◆ Work task: Transcribe exactly, leaving out pictures, the lines from the one that holds "浮遊するホラー感の再生済みの波形" through the end of the data below, including both end lines and no others.

◆ Extracted data:
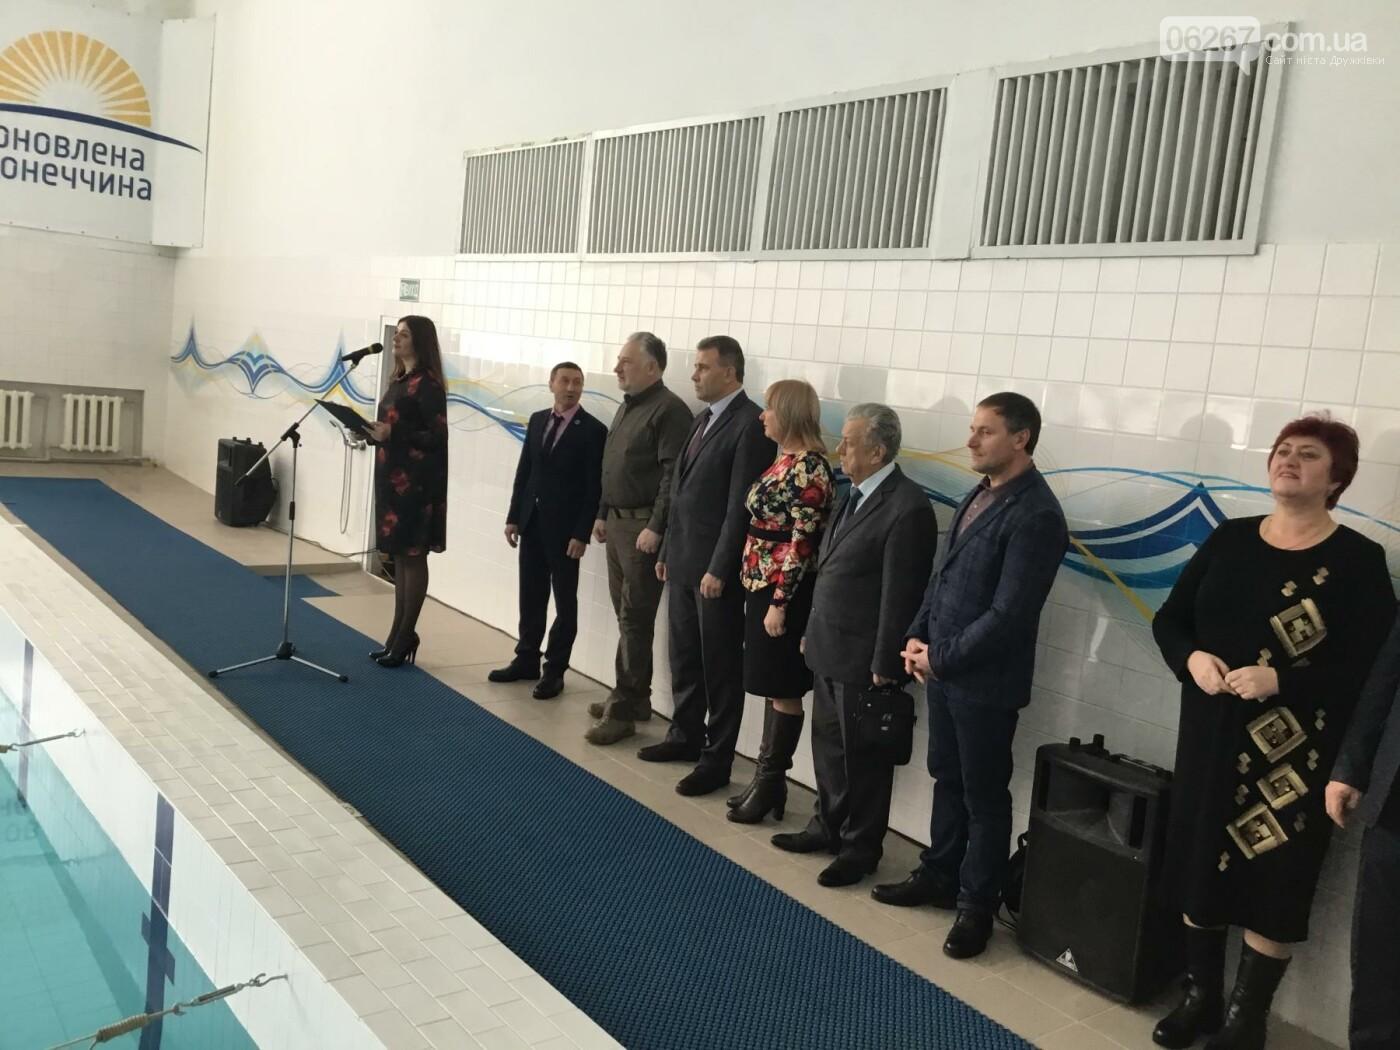 Бассейн в Дружковке открыт: Секция плавания заработает с 1 февраля, и для детей она будет бесплатной, фото-2
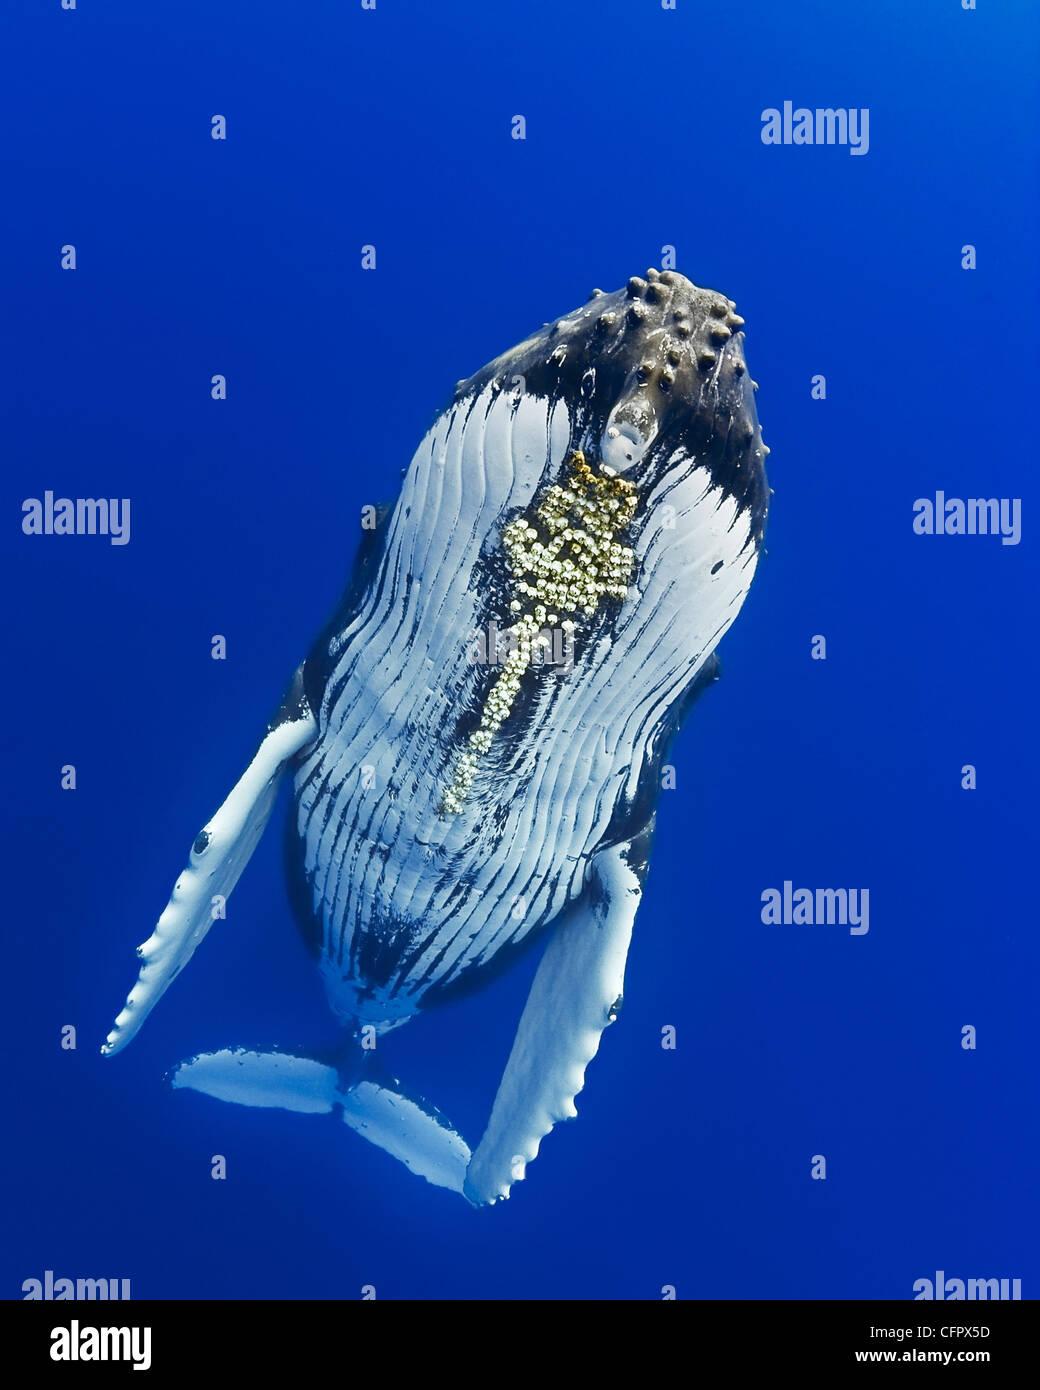 La ballena jorobada, Megaptera novaeangliae, con bellota parasitaria percebes colocadas debajo de la barbilla, Cornula diaderma, Hawaii, EE.UU. Foto de stock
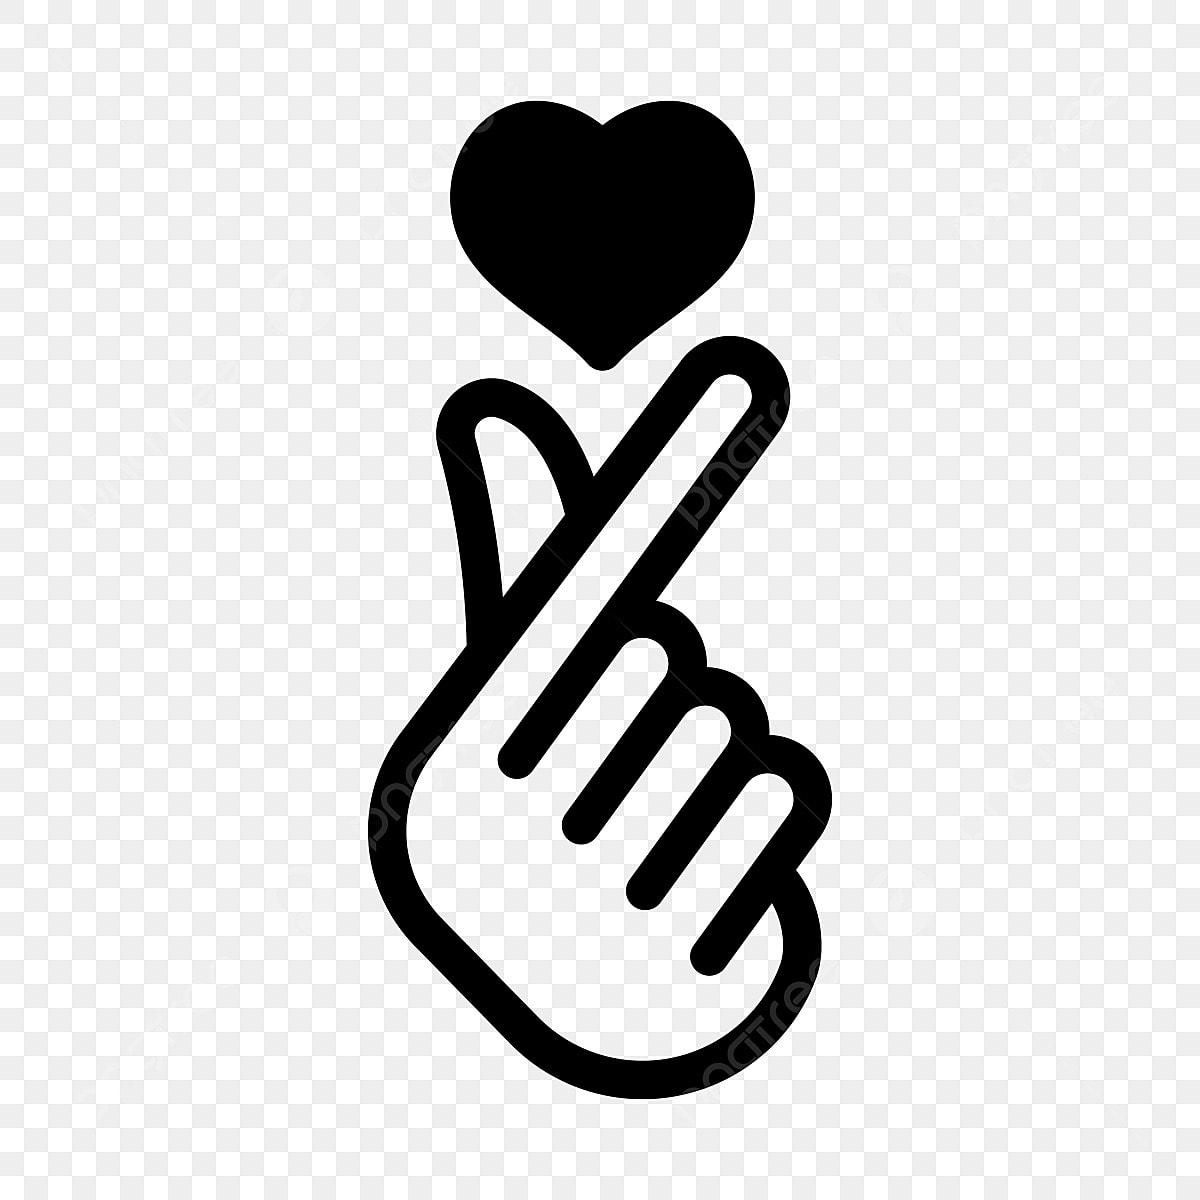 Gambar Simbol Cinta Korea Ikon Cinta Ikon Simbol Pakaian Png Dan Vektor Untuk Muat Turun Percuma
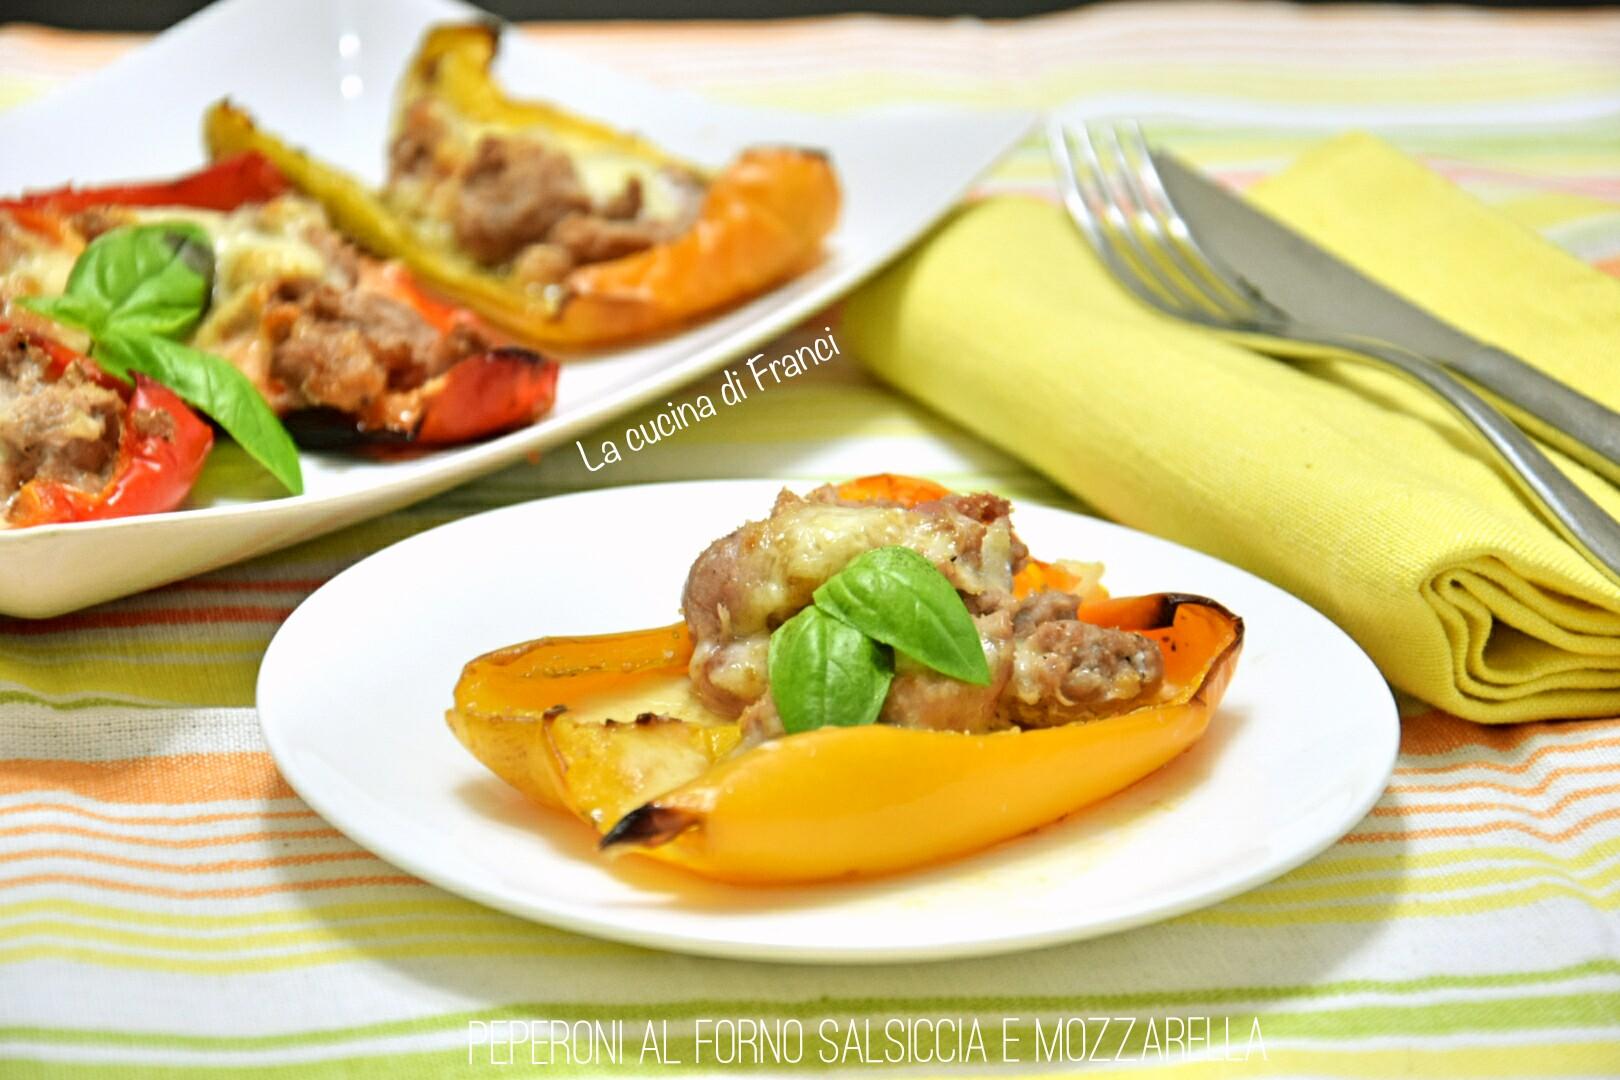 Peperoni al forno salsiccia e mozzarella 2
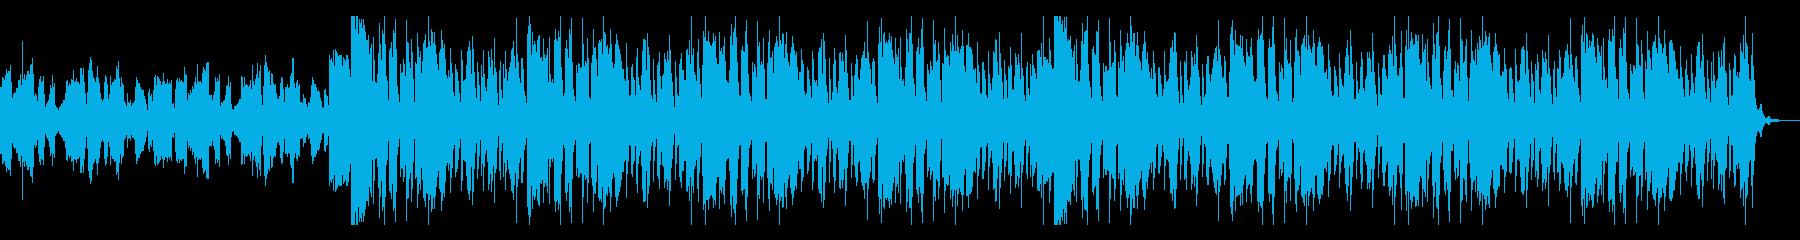 浮遊するホラー感の再生済みの波形
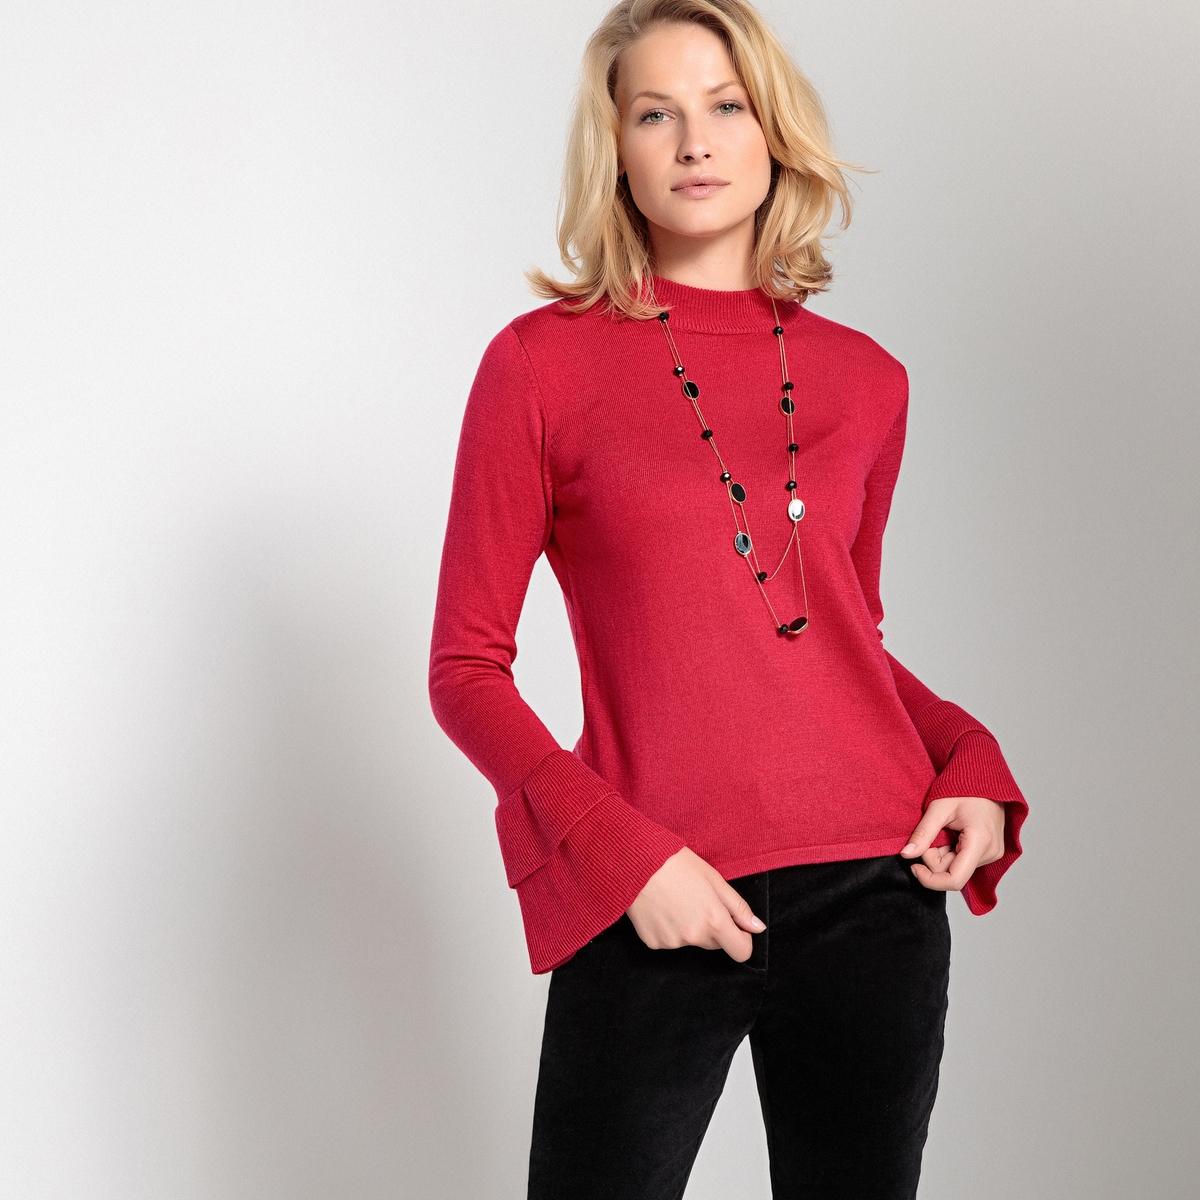 Пуловер La Redoute С воротником-стойкой и рукавами с воланами из тонкого трикотажа 46/48 (FR) - 52/54 (RUS) розовый

◆ Response area:
 浮遊するホラー感の再生済みの波形
 Пуловер La Redoute С воротником-стойкой и рукавами с воланами из тонкого трикотажа 46/48 (FR) - 52/54 (RUS) розовый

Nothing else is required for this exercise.